Other groups voiced support for the budget as well.

The investments announced in the sector will help position Canadian ag as a pillar of the country’s economy after the pandemic, said Bob Lowe, president of the Canadian Cattlemen’s Association.

“CCA welcomes Budget 2021 as a starting place for economic recovery discussions. With enabling supports and strategic investments, the agri-food sector has the potential to come out of the pandemic stronger than ever and help Canada in its fight against climate change,” he said in a statement. “We encourage the Government of Canada to continue consulting with the agriculture sector, including the beef industry, as details of these new policies, programs and funding opportunities are finalized.”

Minister Freeland’s budget wasn’t a total win for the ag sector.

Certain items weren’t mentioned that the industry was looking for, van den Heuvel said.

“The CFA had introduced a Buy Canadian Campaign and we didn’t see any movement on that,” he said. “We were also looking for steps to change some of the income tax around intergenerational farm transfers. Often times it’s more difficult to transfer a farm inside of the family opposed to someone outside of the family. We’ll keep working on these items with the government to see what we can do.”

One industry organization was looking for the federal government to invest in the Pest Management Regulatory Agency.

Investing into the PMRA would help farmers access new and emerging crop protection technologies, said Andre Harpe, chair of Grain Growers of Canada.

“Our members will continue to advocate for increased resources in this area, as well as a commitment towards further public ag research funding,” he said in a statement. “A failure to invest in research and development puts our sector at a competitive disadvantage relative to other jurisdictions and risks limiting our growth potential.”

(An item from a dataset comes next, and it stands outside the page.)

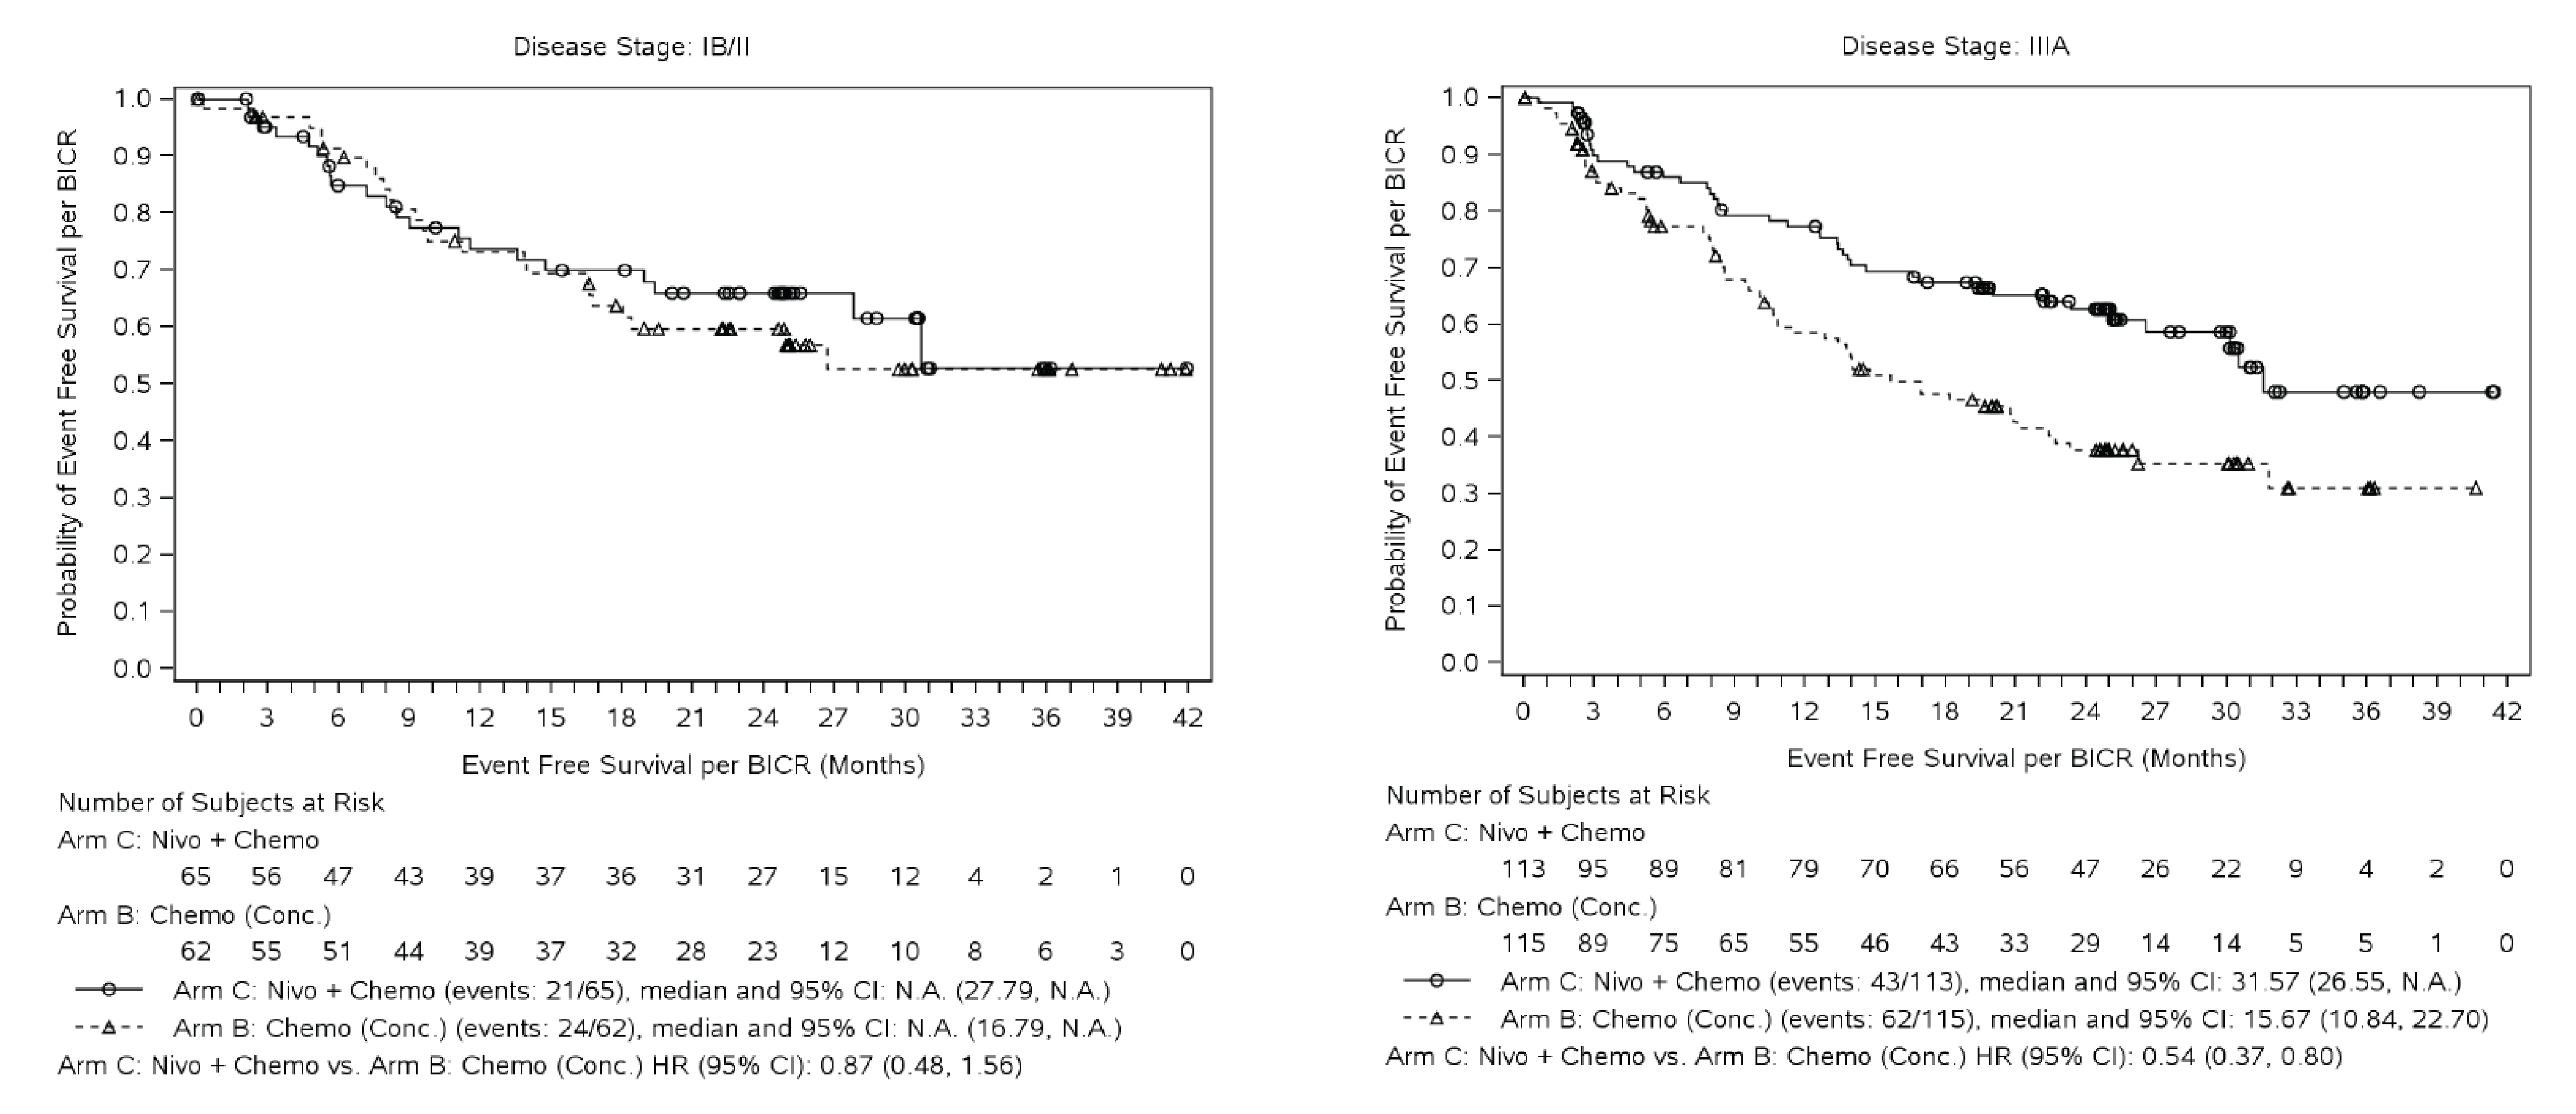 These graphs outline event-free survival for those who are stage IB/II (figure on the left) versus those who are stage IIIA (figure on the right) as taken from the CheckMate 816 trial.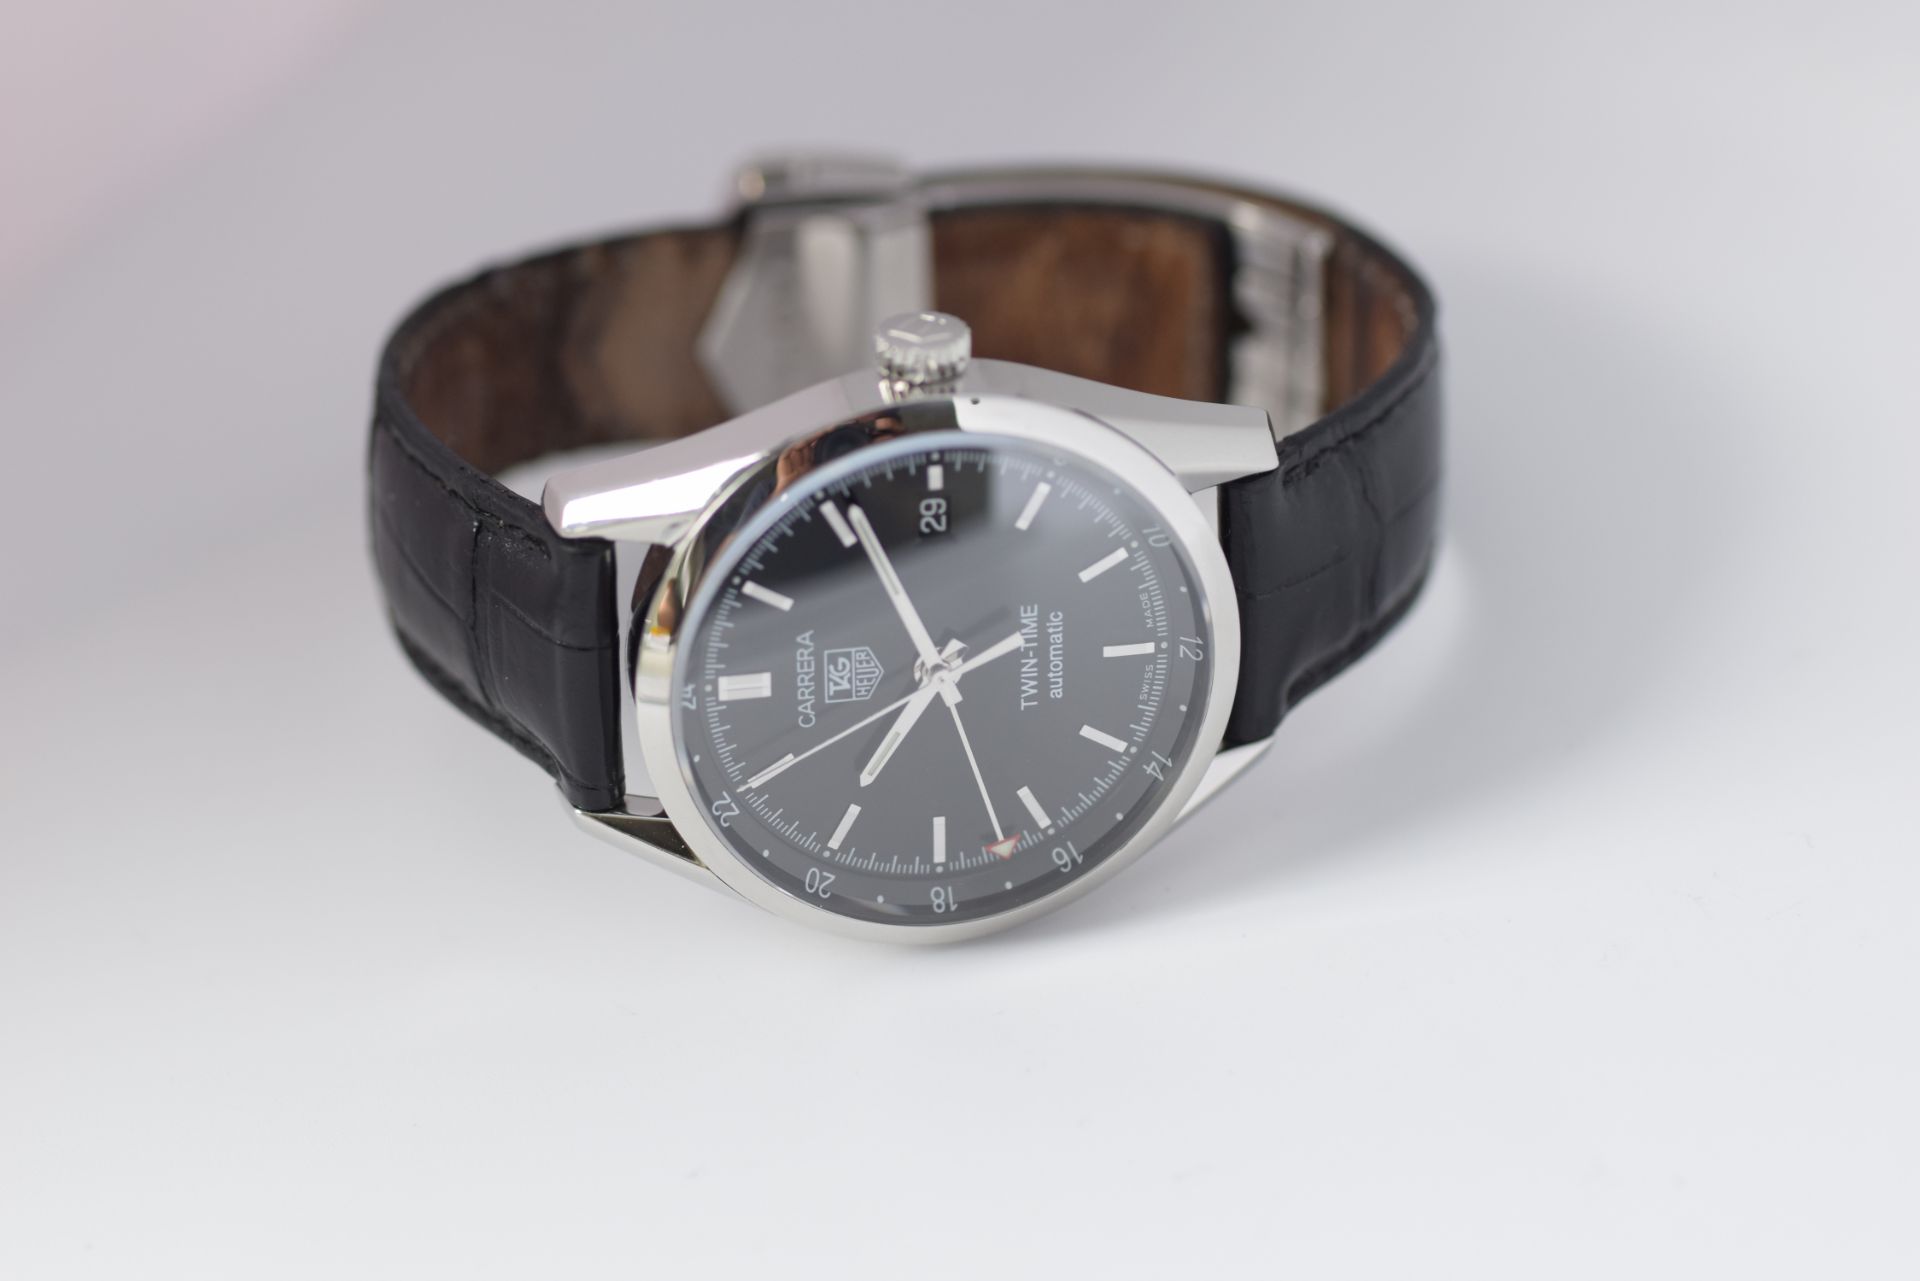 TAG HEUER CARRERA TWIN TIME WATCH WV2115 with warranty card - Image 6 of 10

Members of the federal Conservative party feel parts of the budget will hurt farmers more than help them.

Producers often rely on buying used equipment which run on diesel fuel. Incentivizing the use of alternative fuels doesn’t meet farmers’ needs, said Liane Rood, the Conservative ag critic.

“Farm equipment powered by diesel-fuelled engines is necessary because of the need for high torque in pulling heavy equipment around thousands of acres of farmland. This underscores how out of touch this government really is,” she said in a statement.

Parliament still needs to vote on the federal budget.

Because they have a minority government, the Liberals will need support from at least one other party to pass its budget.

If all three parties voted against the budget, it could bring about an election.

But NDP Leader Jagmeet Singh has signaled he will support the budget.

“There’s no way I would ever trigger an election while we’re going through this third wave,” he told Your Morning.